**Your goal**: Pictures aside, repeat the whole listing word for word.

**Data excerpt**:
*** Block opens ***

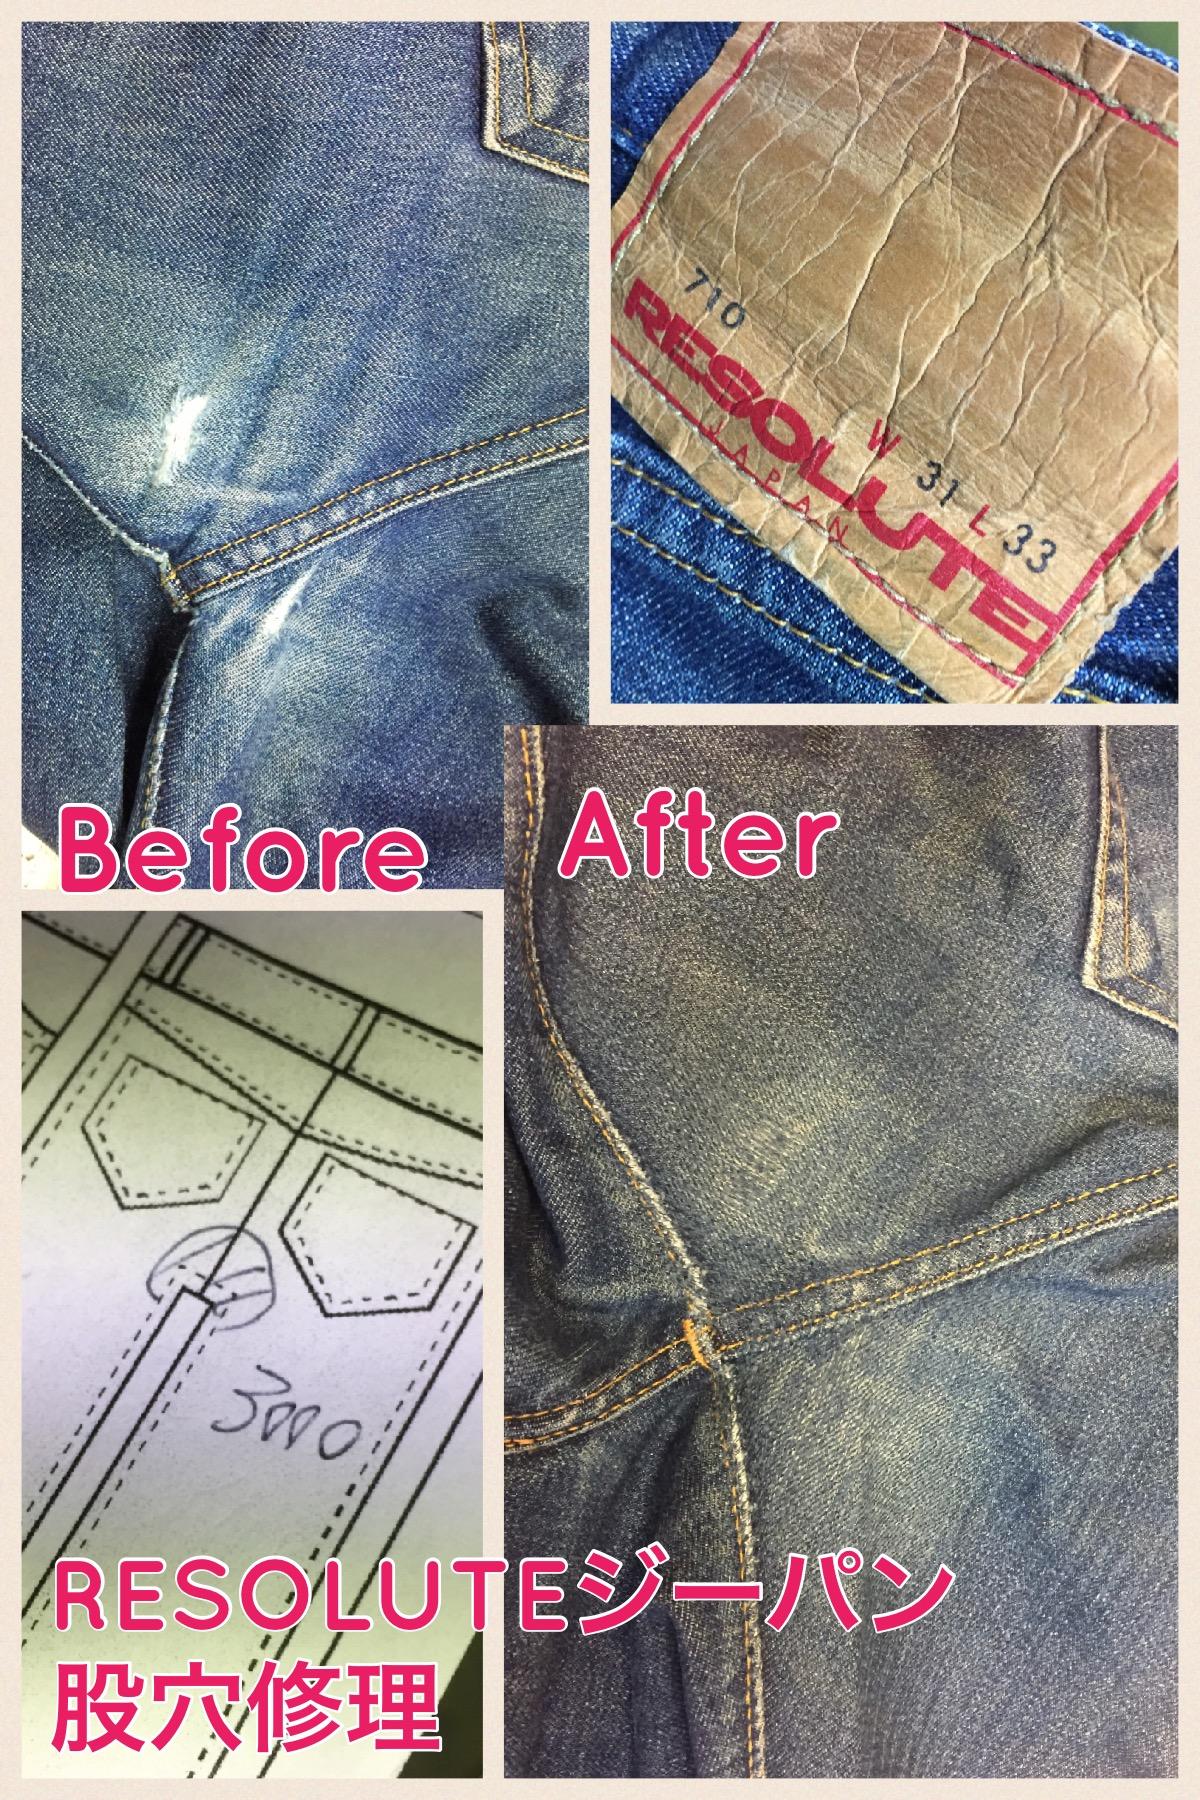 リゾルトジーンズの股擦れ修理
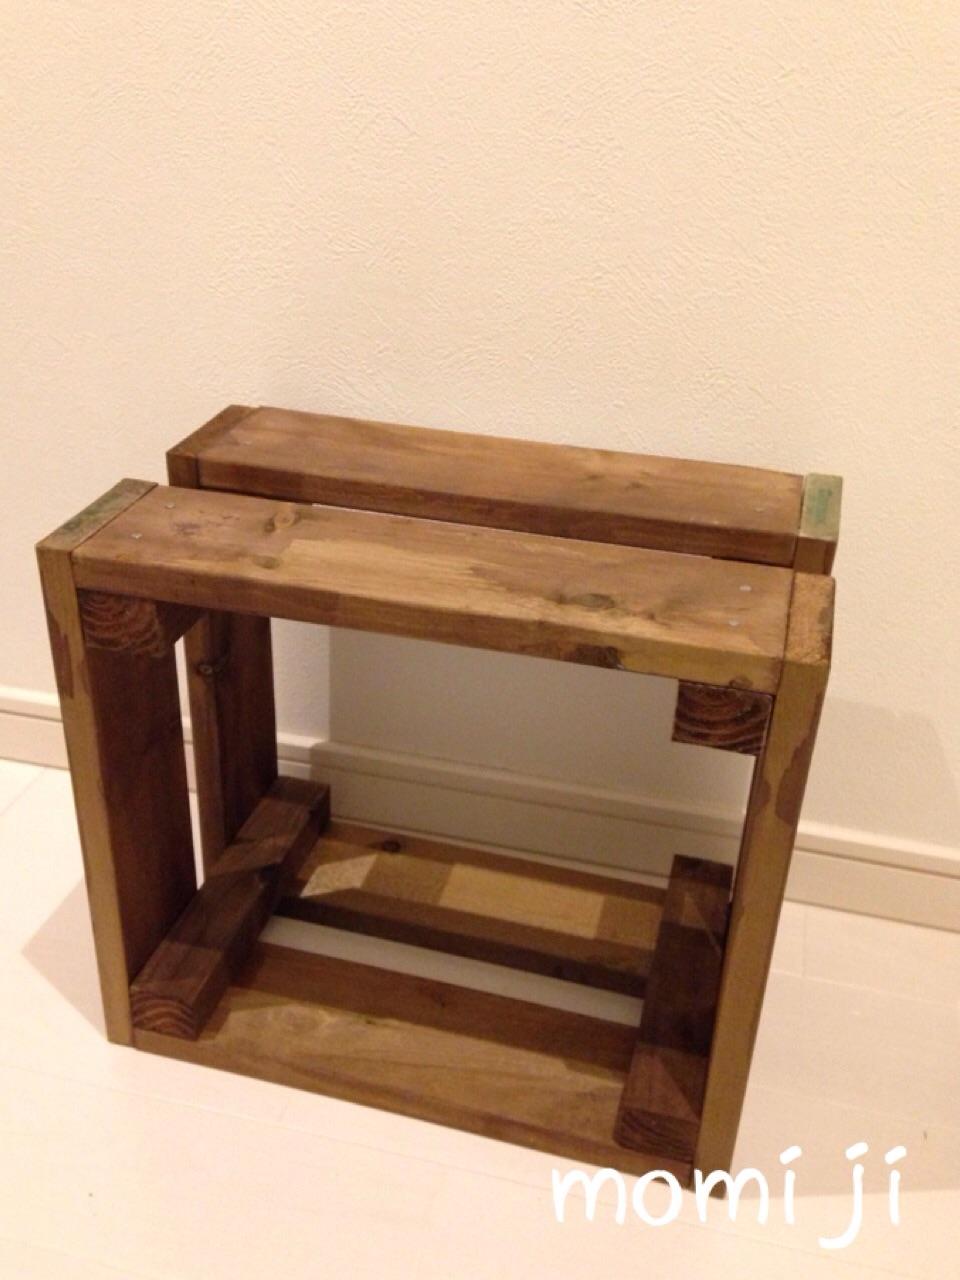 木箱をDIY
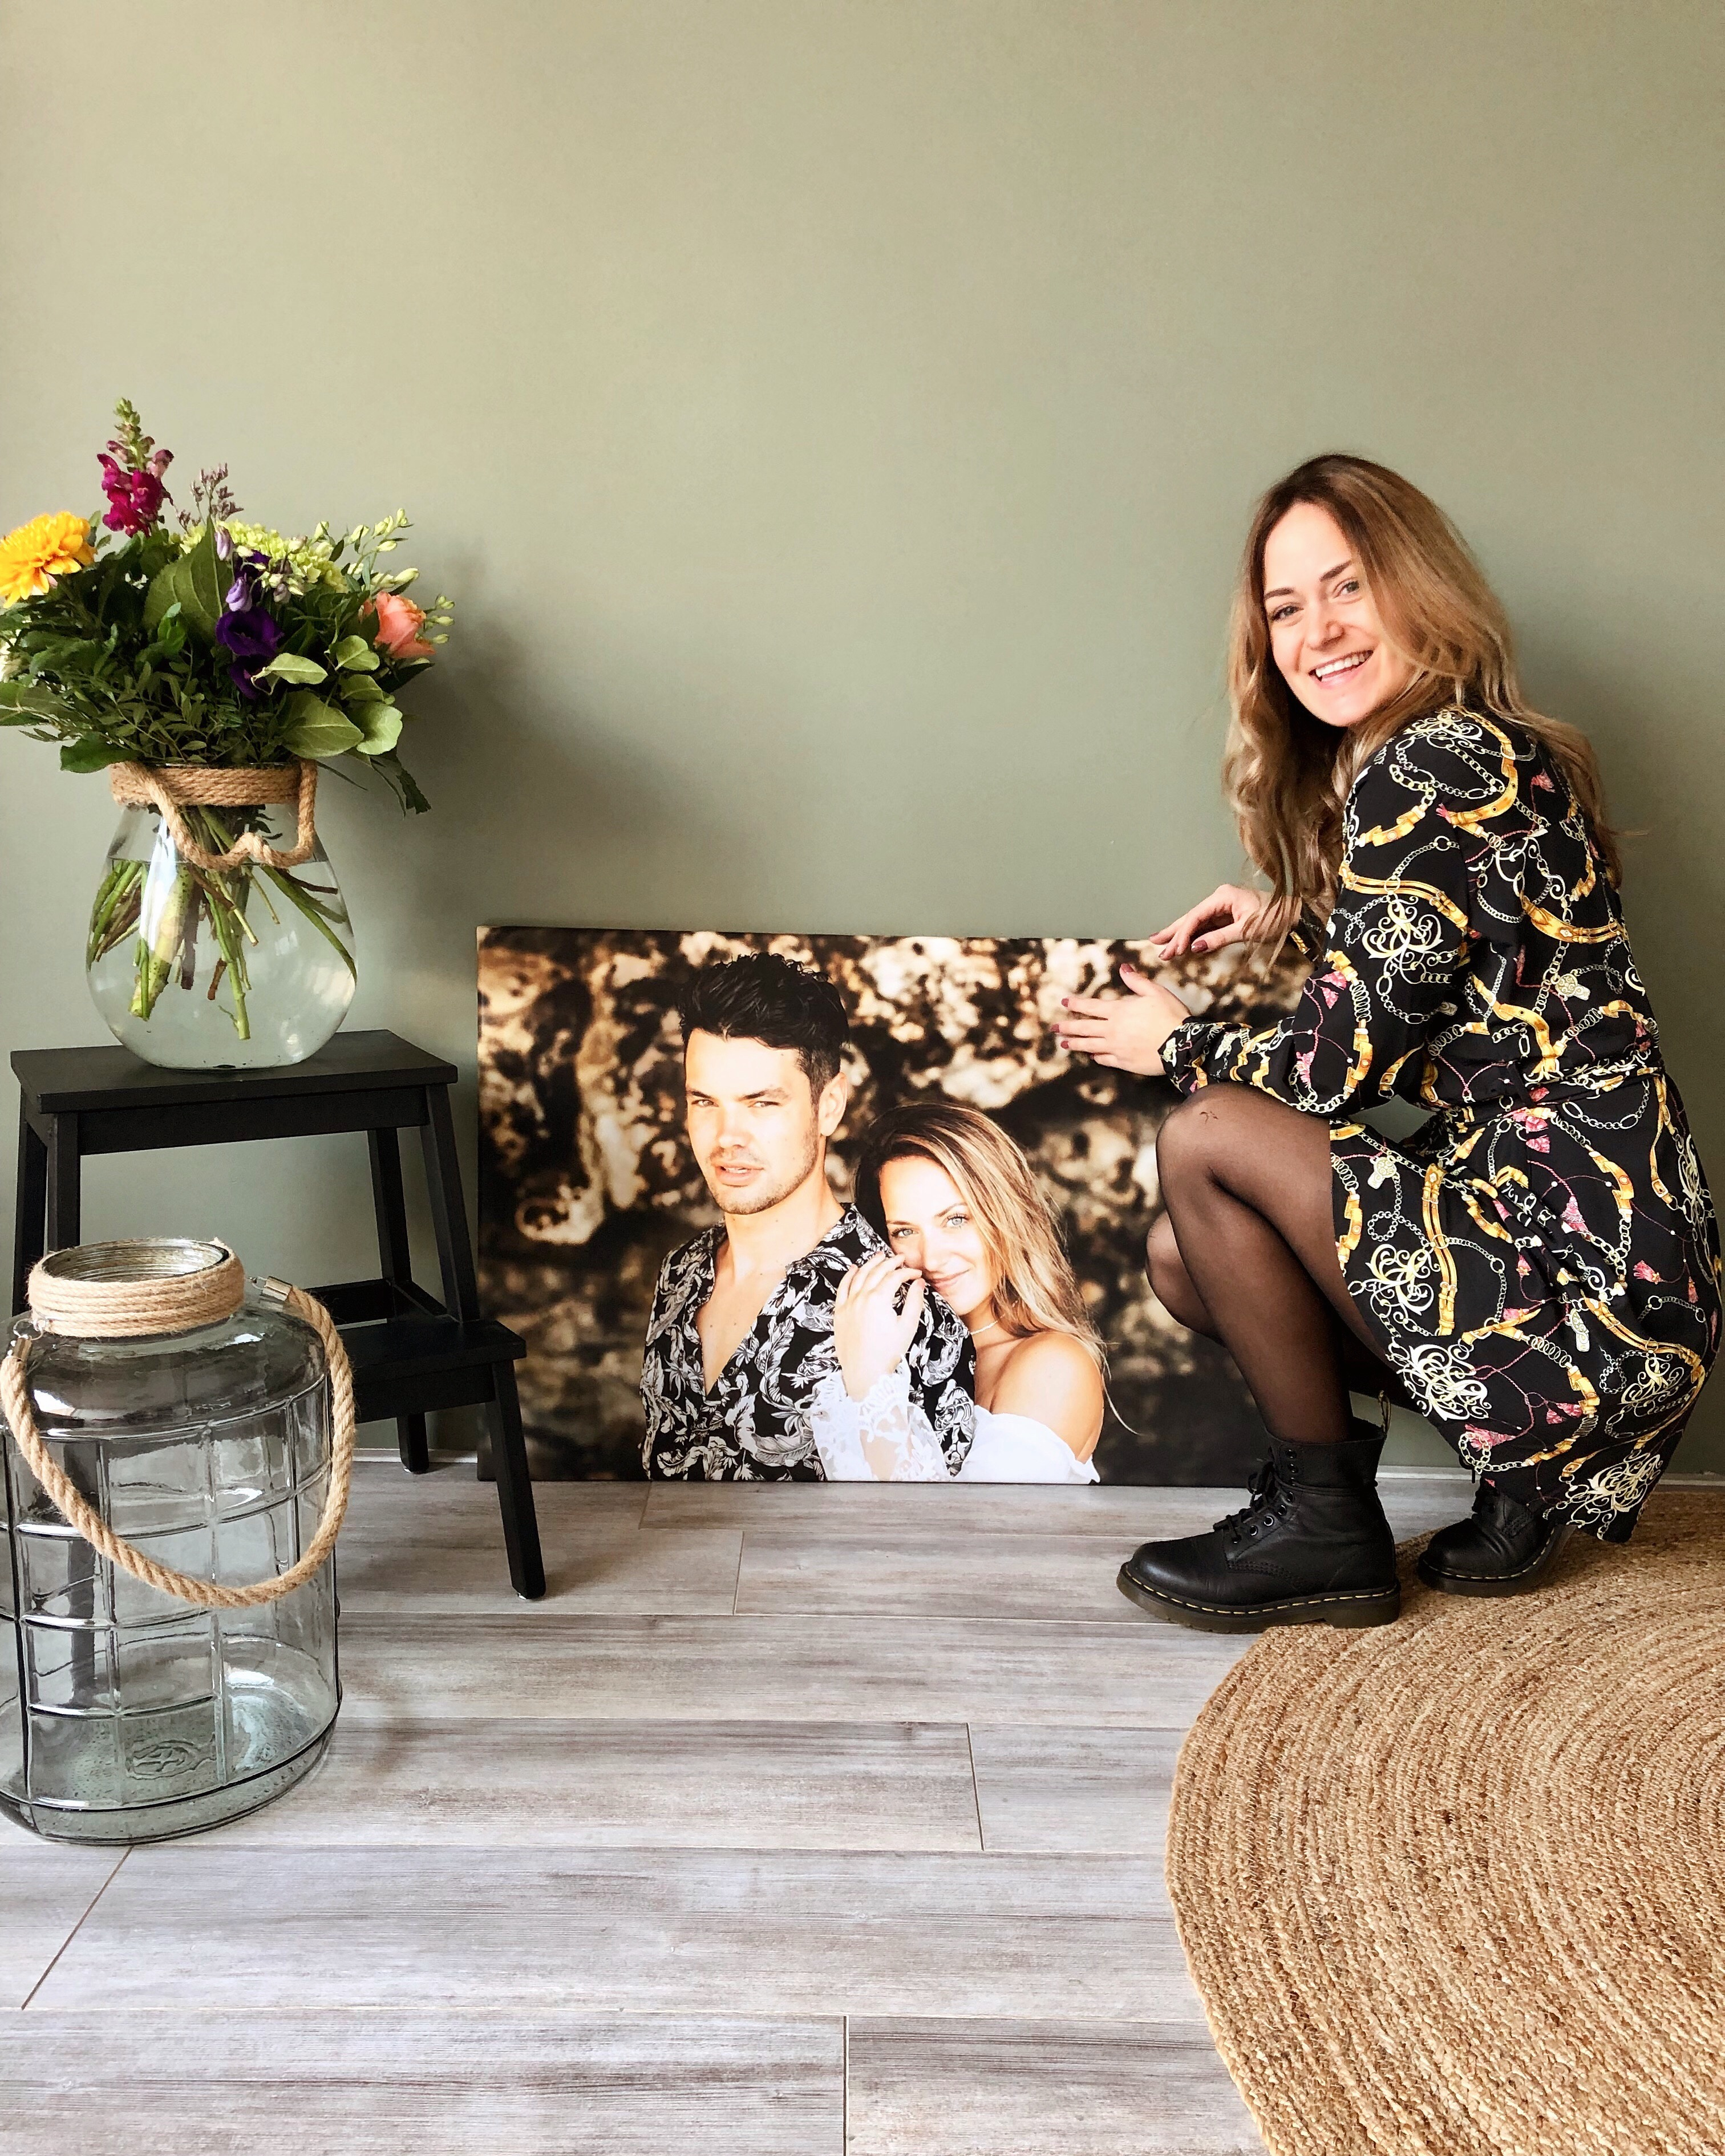 xmariekie, blog, blogger, influencer, social media, topdoek. topdoek.nl, poster, canvas, goedkope poster, goedkoop, bedrukken, interior, interieur

*** Block closes ***

**Task response**:
 リゾルトジーンズの股擦れ修理
 木箱をDIY
 xmariekie, blog, blogger, influencer, social media, topdoek. topdoek.nl, poster, canvas, goedkope poster, goedkoop, bedrukken, interior, interieur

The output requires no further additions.